Haven't anyone seen or taking advantage of anything more real? Things that bring you something worth living for, that will challenge you, progress you and change your mind to something more fascinating or interesting? Inspiration that will take you on another journey, one no Instagram accounts or blogs can ever generate? That comes out of the true interaction of people and meetings, of energies and atmospheres?

You see, I am very honest and frank with myself as a person and I don't take bullshit from anyone, least not from myself. I analyze my own way of acting and my behavior to the inch of my toes. So I question why I do it strongly.
If I get criticism, I might stand up for my own mind and feelings, but yet I take it all in and try to see the situation as objective as I can and every time I learn something by it and feel I'm humble for learning more about myself and my flaws, so I can do better when I know better. So naturally I hate when it feels like I'm in a conflict in my own head, when what I do doesn't reflect what I think because I don't approve of the attention seeking society I see so much around us. Therefor I sometimes come into these phases, where It all feels like a circus and I feel like I'm more intelligent (most of us are) that just accepting it and know too much then being a part of it all myself. At times I want to shut my public life down, if not for a clear and relevant reason, but to be a role model for something I believe in. To show that even If have many benefits from it and love it in a way, it's not who I am and what I stand for. I think it is crazy in many ways and I can't help myself feeling sometimes ashamed. Life though has taught me to always dig deep into myself before I even open my mouth about others and think greater of my intellectual then to judge something strong and verbal when I have a foot inside it myself. That's the problem in all of this, and that's why i need to write this post. To tell you all that I'm aware of the fact that I'm a big part of this myself, either I like it or not, but it hunts me.

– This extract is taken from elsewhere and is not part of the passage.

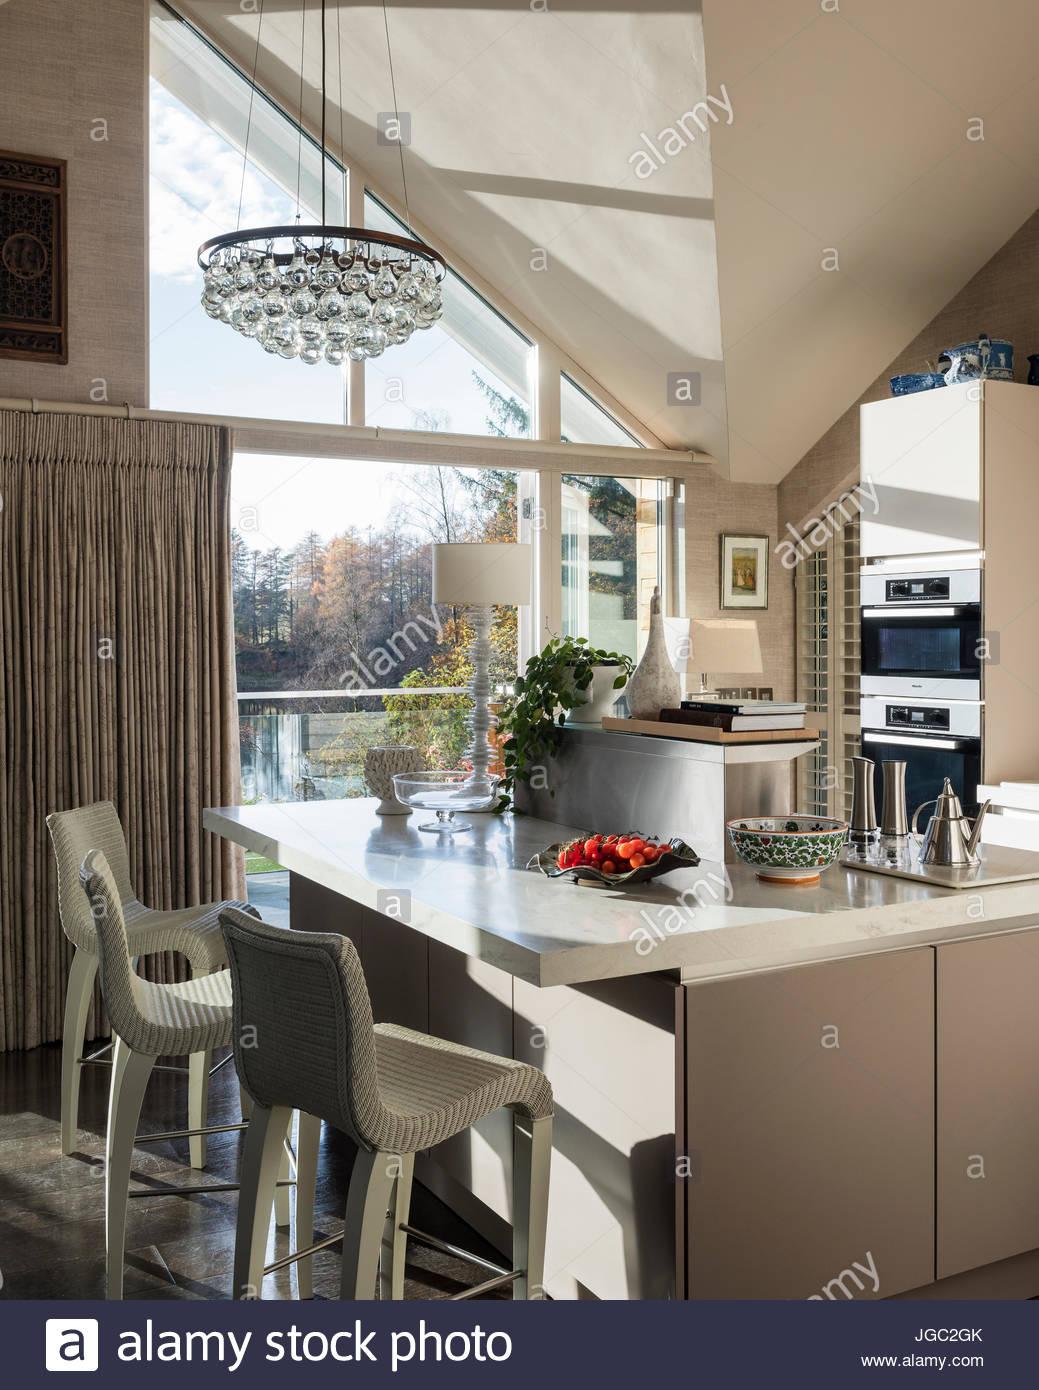 Pendente para lâmpada acima de pequeno-almoço bar em uma estrutura de cozinha com vista lago Imagens de Stock

For me blogging has always been about captivating beauty and life in one way or another. To give out something of greatness. It's the clear reason why I love to blog when I travel, lived abroad or when the weather and environment is tempting and gives you something out of ordinary. I could't be more bored of everyday life and take very little pleasure of seeing it in millions of blogs and Instagram accounts with no respect for the picture, the art it should be publishing things to be exposed for so many. I truly think and fear we get stupid by all of the unreal fragments of impressions we, without a though behind, let the mind and brain take part of. Very few of us uses a sharp and sceptic filter, we just feed the mind with whatever crap there is in front of us. We have and give us no time for boredom and flows, the natural energies that comes out of nothing when the thoughts runs without distraction or continues breaks. All we see is things and things.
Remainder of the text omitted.